Upon completion of her LL.M, Charonsiri returned to work for the International Commission of Jurists. When the 2014 Thai coup d'état occurred, she recognized the need to set up a separate entity to deal with legal matters, as attorneys were being barred access to their clients and the military was arresting people without a warrants, detaining them without charges, and detaining them in secret camps. When she co-founded Thai Lawyers for Human Rights, it was initially created as a counseling hotline. Soon it expanded to a team of human rights lawyers, funded by international advocacy groups to work on violations of human rights.

In 2015, Charonsiri obtained the release of photojournalist Anthony Kwan Hok-chun, of the Initium Media organization from Hong Kong. Kwan, who had come to Thailand to report on the bombing of the Erawan Shrine, brought protective gear including a flak jacket and helmet, unaware that the items were controlled under Thai weapon's laws. He was arrested in attempting to return to Hong Kong and his passport was seized.

That same year 14 pro-democracy student protesters were arrested in June 2015 and charged with sedition. Charoensiri and other lawyers representing the students, protested that the students were being tried in a military court. Seven months after the student's arrest, Charoensiri charged with refusal to comply with an official order and concealing evidence. The charges stemmed from her receiving her clients' cell phones when they were arrested and securing them in her car. The following day, she filed a complaint against the police for unlawfully confiscating her car to complete their search. The claim resulted in additional charges being filed against Charoensiri for false allegations against the police.

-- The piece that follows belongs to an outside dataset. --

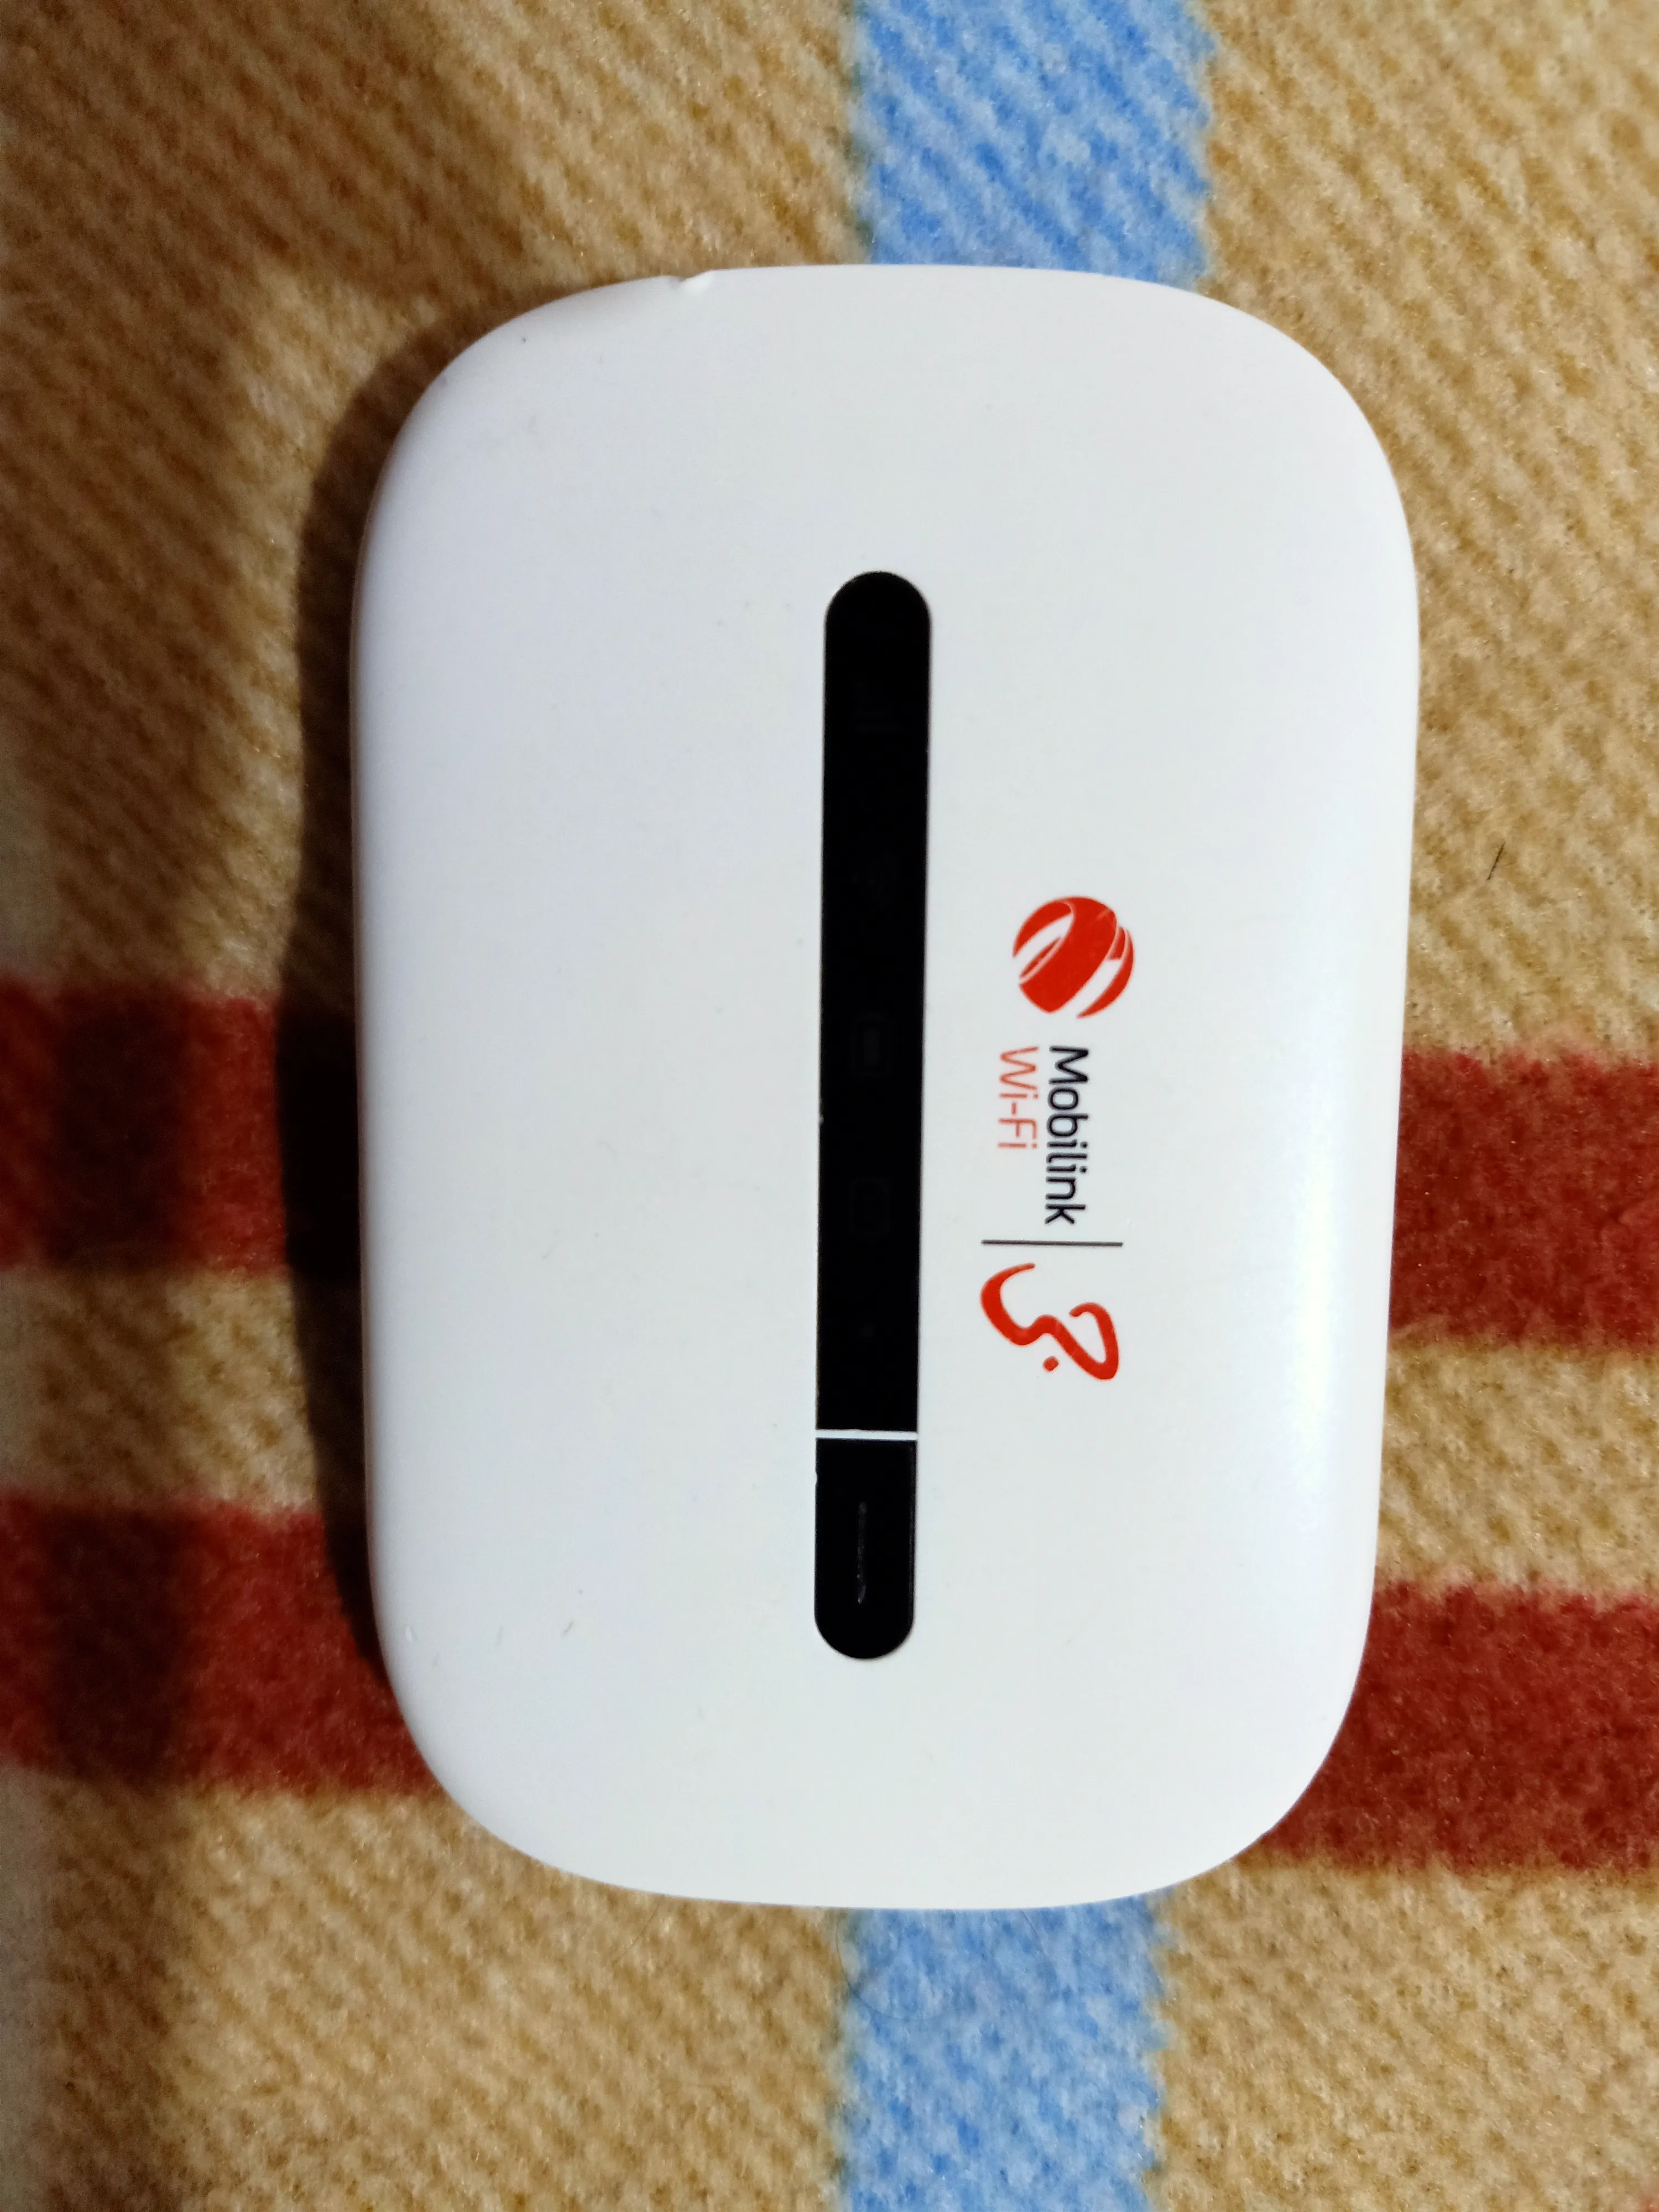 mobilink 3G wifi device ( unlocked) - photo 1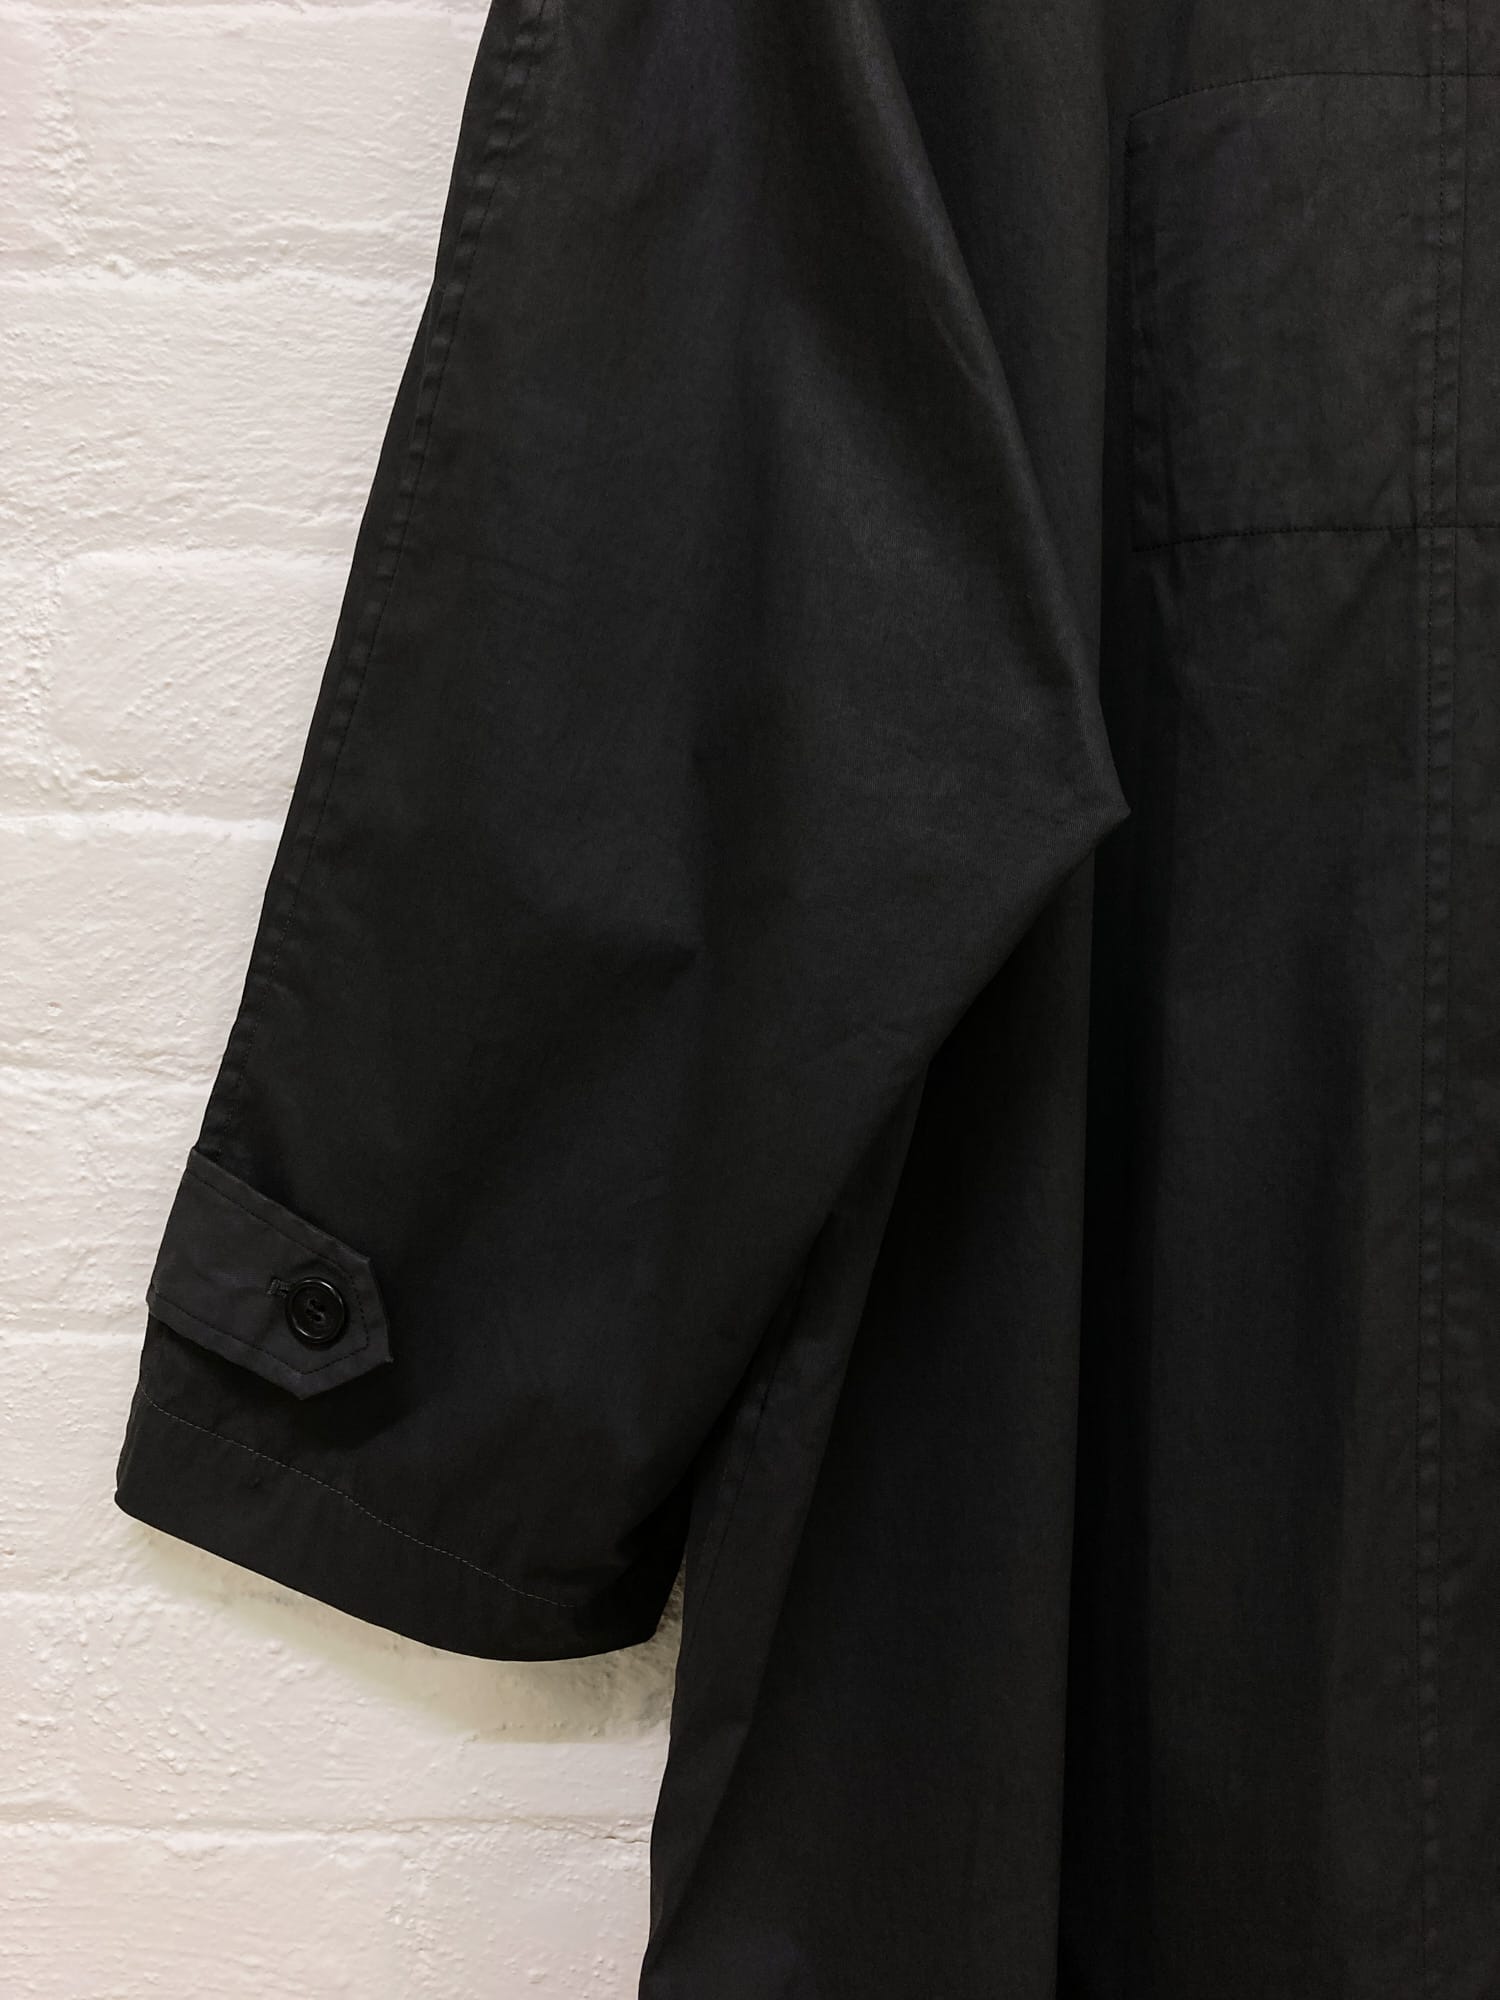 Odds On by Akira Onozuka Zucca 1987-1988 dark grey coated cotton rectangle coat

After attending the 33rd general United Nations Human Rights Council meeting in Geneva, Charoensiri was issued a summons for additional charges of co-conspiracy and sedition. It was the first time that a lawyer had been charged with sedition by the junta, sparking outcry from international human rights organizations.

On 19 May 2017 Sirikan Charoensiri achieved the fourth L4L-Award in Amsterdam, the Netherlands. The award was given to her by Jorge Molano the lawyer from Colombia, who won the award in 2015. It was the first time a woman won this award.